こんな私が学会に!?
本連載は「旅を通して転移がんを克服した全記録」です。(編集担当:resortboy)
今年の2月、私は旧知の友人とリゾートホテルで食事をしていました。彼はある国立大学医学部の名誉教授で、内分泌が専門です(ホルモンを体内へ分泌する器官の専門家)。私のがん闘病を記録した既刊2冊を読んでくれていました。
その席で、私は彼から「日本抗加齢医学会」(Japanese Society of Anti-Aging Medicine, JAAM)のパンフレットをもらいました。私がアンチエイジングに非常に興味を持っていることを知っていたので、この学会を教えてくれたのです。
彼は言います。「舟橋さん。医者や研究者でなくてもこの学会に入れるよ。会員になれば、学会主催の総会・学術集会、様々な分科会・研究会・セミナーに参加できる。そこで質問してもいいし、発表もできる。何なら論文も出せるよ」と。
日本抗加齢医学会
驚きましたね。医学素人の私でも、最先端の専門家集団の議論の場に参加できる。しかもチャンスがあれば「質問・発表・論文提出」もOK。
彼の話を聞いて、いきなり私のアドレナリンが爆発しました。
日本抗加齢医学会の中心的なイベントは毎年6月に開催される「総会・学術集会」です。今年の会場は大阪で、大阪・関西万博の真最中につい先日、開催されました。

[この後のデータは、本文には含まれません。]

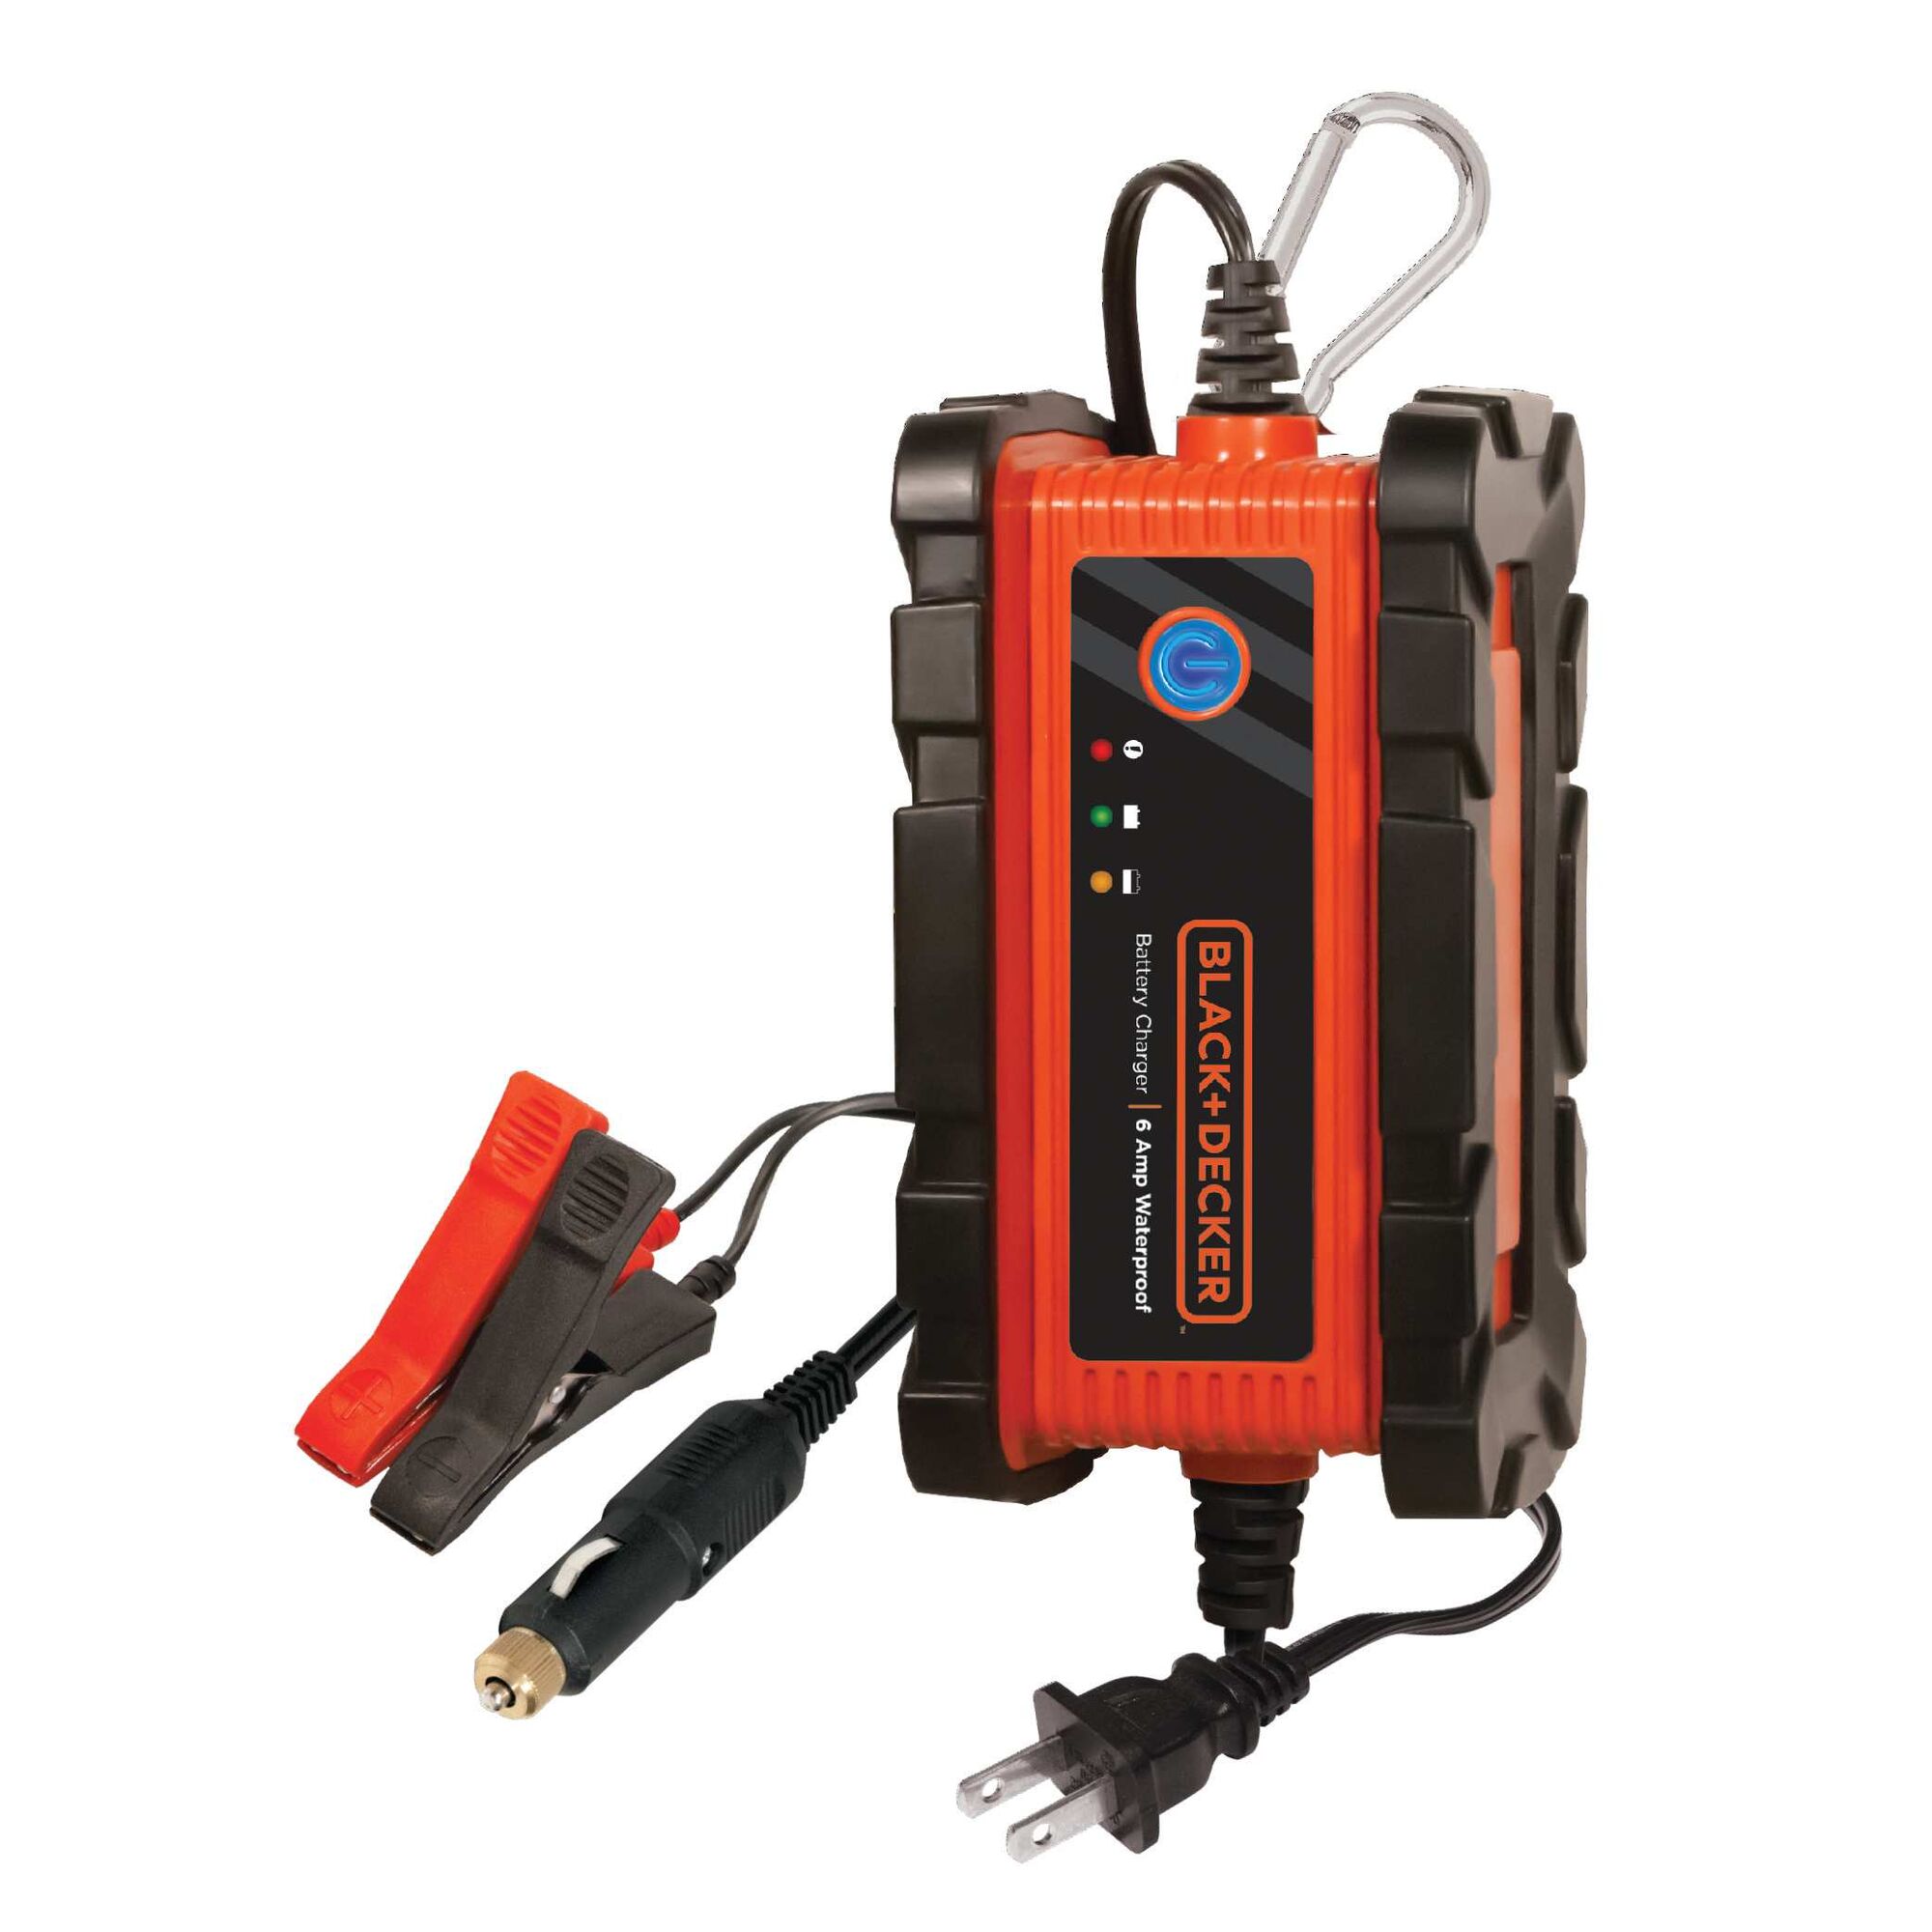 Black and decker fully automatic 2 Amp 12 volt waterproof battery charger.

この学会には総会以外に分科会・研究会・セミナーなどもあります。
例えば、分科会として、脳心血管抗加齢研究会、見た目のアンチエイジング研究会、運動器抗加齢医学研究会、泌尿器抗加齢医学研究会、抗加齢内分泌研究会、眼抗加齢医学研究会、抗加齢歯科医学研究会など、分野ごとに分科会や研究会が開催されています。
また、地域ごとに「アンチエイジングセミナー」や市民公開講座なども開催されています。その他、日本抗加齢協会による市民公開講座や学術フォーラムも不定期で開催されています。
1万人のプロフェッショナル
日本抗加齢医学会のパンフレットのトップには、次の言葉が大きく掲げられています。
「アンチエイジング医学は健康寿命の延伸、さらに真の若返りを目指しています。日本抗加齢医学会は、日本で最高最大のアンチエイジングを科学的に実証する学術団体です」
日本の正式な医学会が「真の若返り」を目指しているとは驚きです。ちまたによくある若返りのサプリメントを売りつける怪しい団体ではありません。ちゃんとした「学術団体」です。
現在の会員は9000名を超え、1万名の会員獲得を目指しています。会員の所属内訳がすごいです。
大学や研究所に所属する研究者の方々が34%と最も多く、最先端の研究を牽引されていることがわかります。それに次いで、病院などに勤務されている医師が31%、そして開業されている医師の方々が20%と、医療の現場でアンチエイジング医療を実践されている先生方も多いのですね。
さらに、看護師、薬剤師、管理栄養士、歯科栄養士等のメディカルスタッフが11%と続きます。これらを合計すると96%にもなり、完璧に医療の専門家集団です。しかも若い!年齢を見ると30代から60代のバリバリの現役社会人です。実に頼もしい学術団体です。
しかし、かの先生がおっしゃるように、こんな専門家集団の中に、何の資格も実績もない「リタイアおじさん(お爺さん)」の私が参加できるのでしょうか?